The Supreme Court has upheld the guilty verdict against a business operator who imported and sold Doraemon mini-block products domestically without authorization, from a company authorized to sell products using the Doraemon character in China, for violating copyright law.
The ruling states that in a situation where there is a separate domestic licensee for commercialization rights or product sales rights for the Doraemon character, importing products from a company authorized to sell overseas products without the explicit permission of the copyright holder and selling them domestically is not permitted.
According to the legal community on the 24th, the Supreme Court's 2nd Division (Presiding Justice Min Yu-sook) confirmed the original court ruling that sentenced Yang Mo to a fine of 18 million KRW for charges of copyright infringement and violation of the Unfair Competition Prevention Act.

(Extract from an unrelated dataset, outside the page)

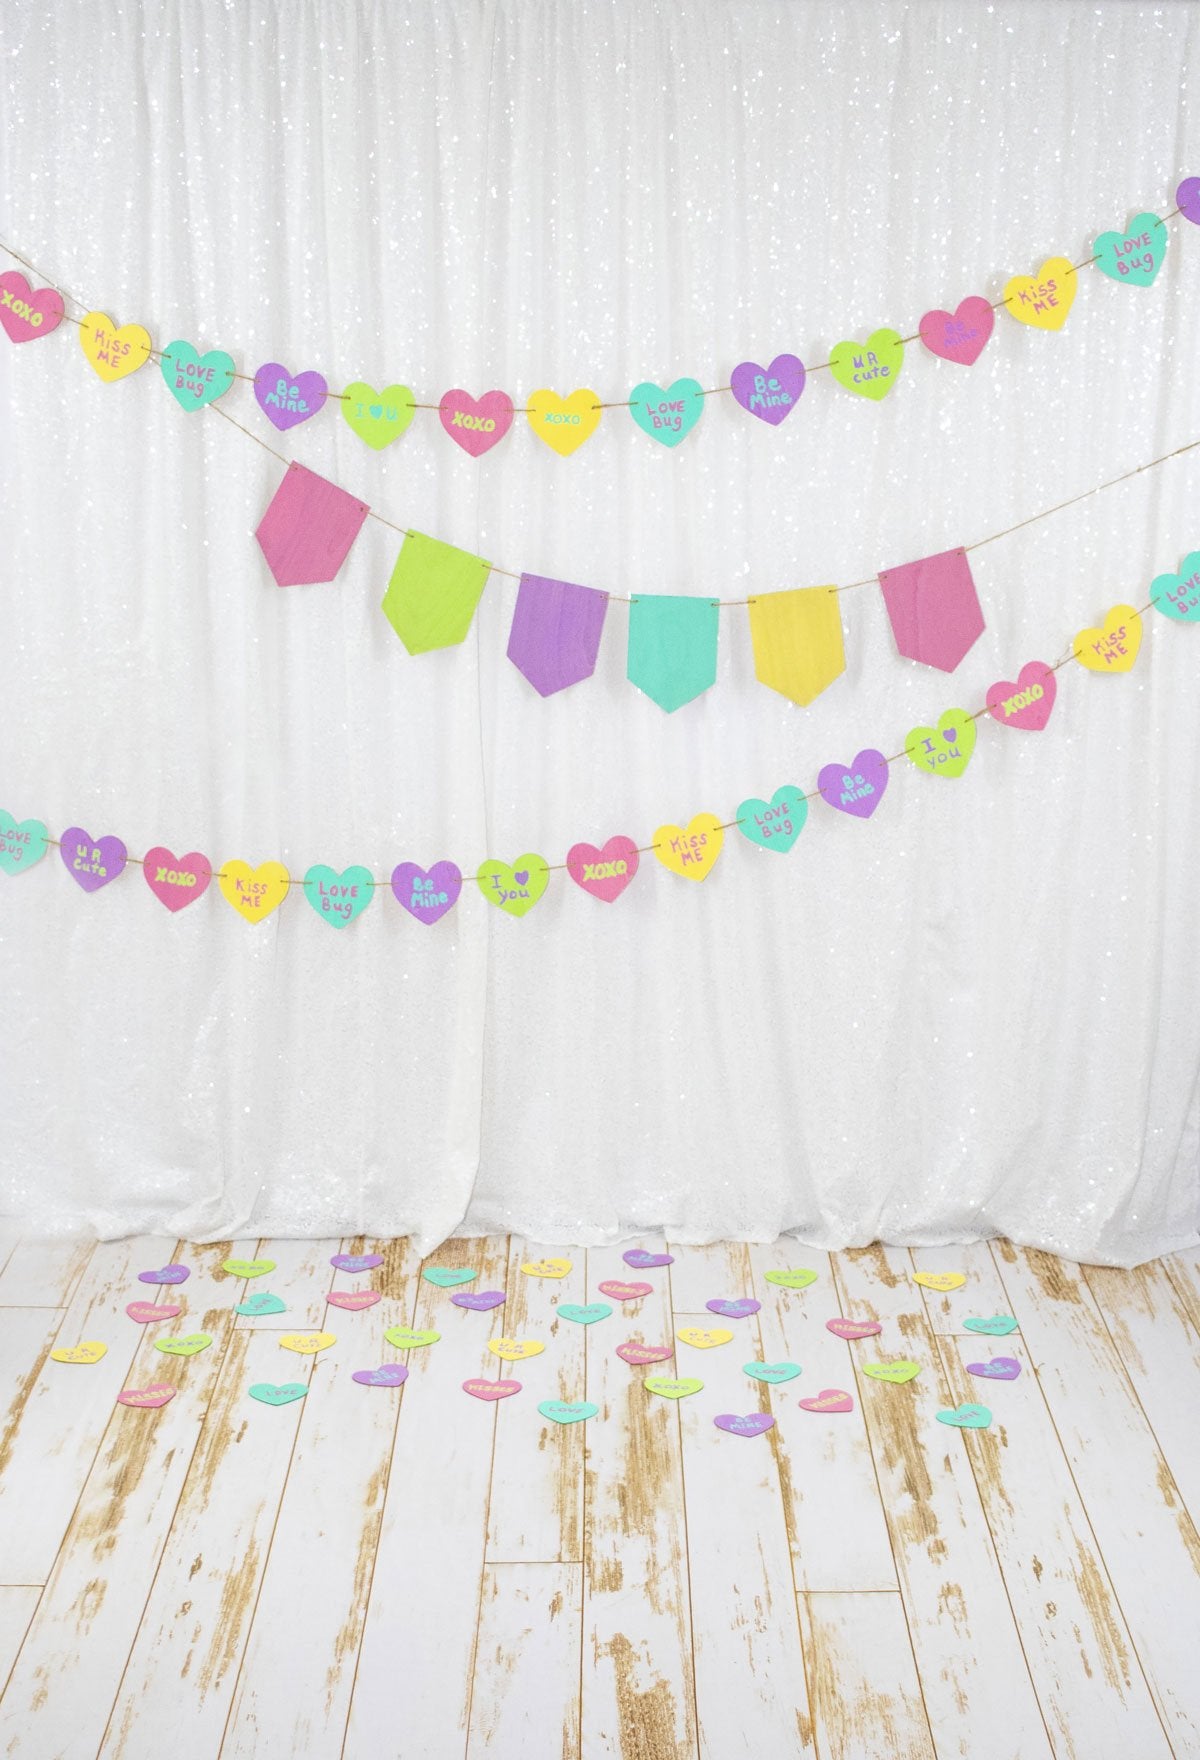 Kate White Curtain with Colored Banners Valentine's Day Backdrop Designed by Leann West

Yang was prosecuted for selling mini-block products resembling characters from Japanese comics such as Doraemon, One Piece, and Crayon Shin-chan domestically without the copyright holder's permission between 2015 and 2016.
Regarding the Doraemon character, the Japanese copyright holder granted commercialization rights within China to Company A from 2015 to 2017, and Company A delegated sales rights for products using the Doraemon character within mainland China (excluding Taiwan, Hong Kong, and Macau) to Company B from July 2015 to June 30, 2016.
Yang received approximately 960 Doraemon block products from Company B, which was granted sales rights within China, and sold them domestically. The domestic commercialization rights for the Doraemon character in Korea are owned by Company C.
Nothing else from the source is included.